There may also be court decisions that supersede the franchise agreement or related agreements concerning your relationship with the franchisor.
Franchise agreement provisions, including those summarized in Item 17 of the Franchise Disclosure Document, are subject to state law.
Source: Item 23 — RECEIPTS (FDD pages 69–245)
What This Means (2025 FDD)
The 2025 Alloy Franchise Disclosure Document includes a Washington state addendum that addresses franchise termination. Specifically, RCW 19.100.180, the Franchisee Bill of Rights within the Washington Franchise Investment Protection Act, may supersede provisions in the franchise agreement concerning termination. This means that the rights and protections afforded to franchisees under Washington law will take precedence over any conflicting terms in the franchise agreement itself.

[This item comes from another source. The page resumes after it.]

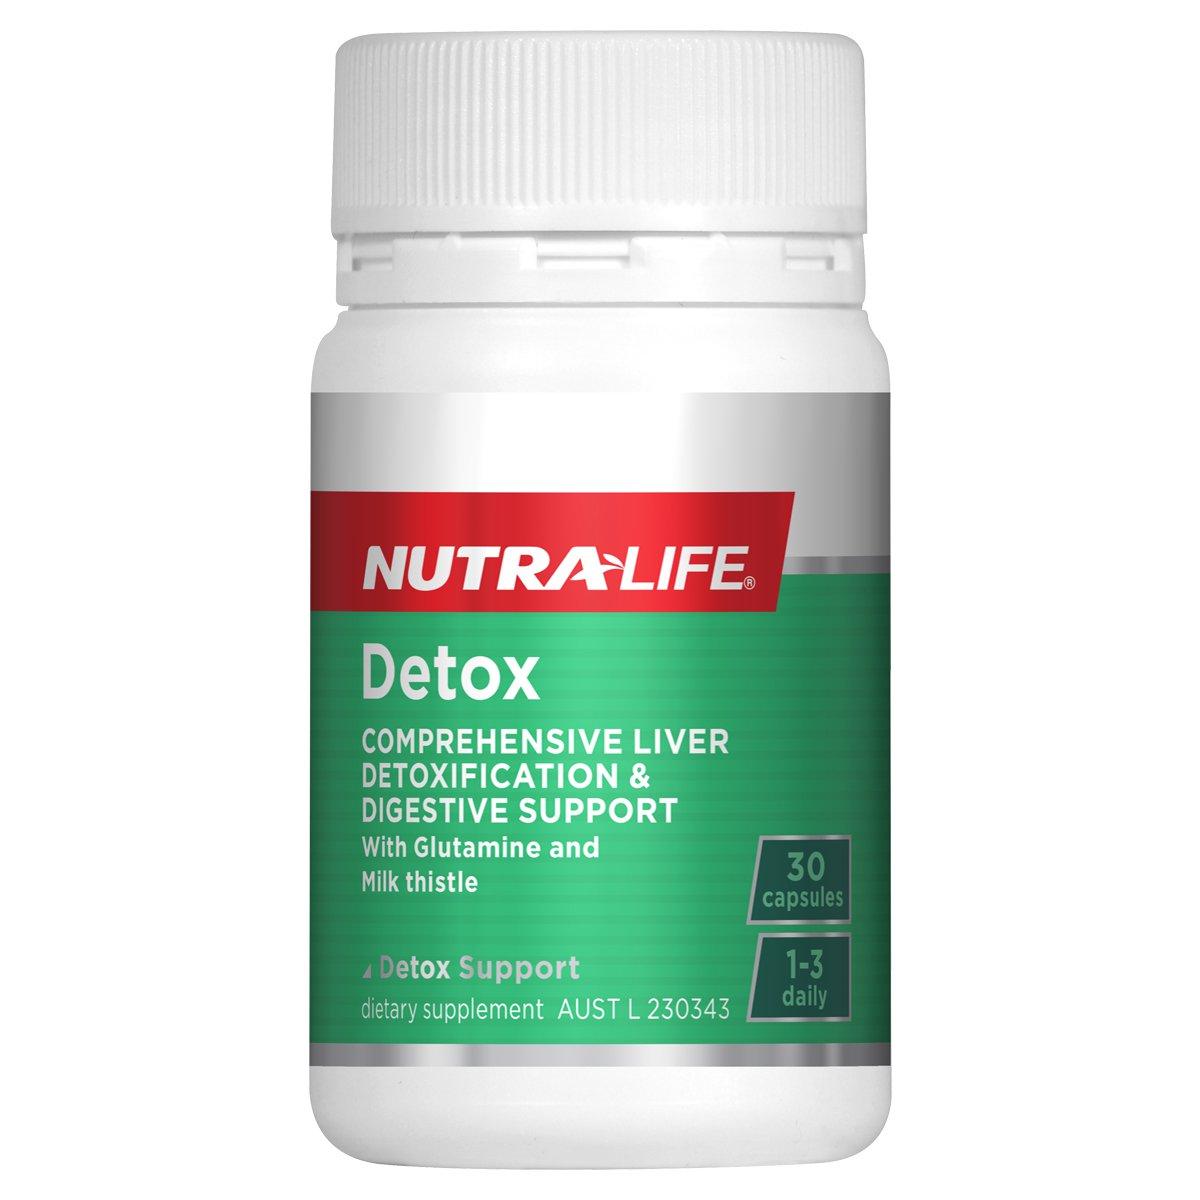 Buy Nutra Life Detox Online 30 Caps

In practical terms, this means that while the Alloy franchise agreement likely outlines specific causes for termination (as summarized in Item 17 of the FDD), those causes must align with what Washington law considers legitimate. If the franchise agreement allows Alloy to terminate the franchise for reasons not recognized as 'good cause' under Washington's Franchise Investment Protection Act, that particular provision of the agreement may not be enforceable.
Therefore, a prospective Alloy franchisee in Washington should carefully review both the franchise agreement and the Washington Franchise Investment Protection Act to understand their termination rights and the definition of 'good cause' in that jurisdiction. They should also seek legal counsel to ensure full comprehension of their rights under Washington law, as court decisions may further clarify or supersede the franchise agreement's terms regarding termination.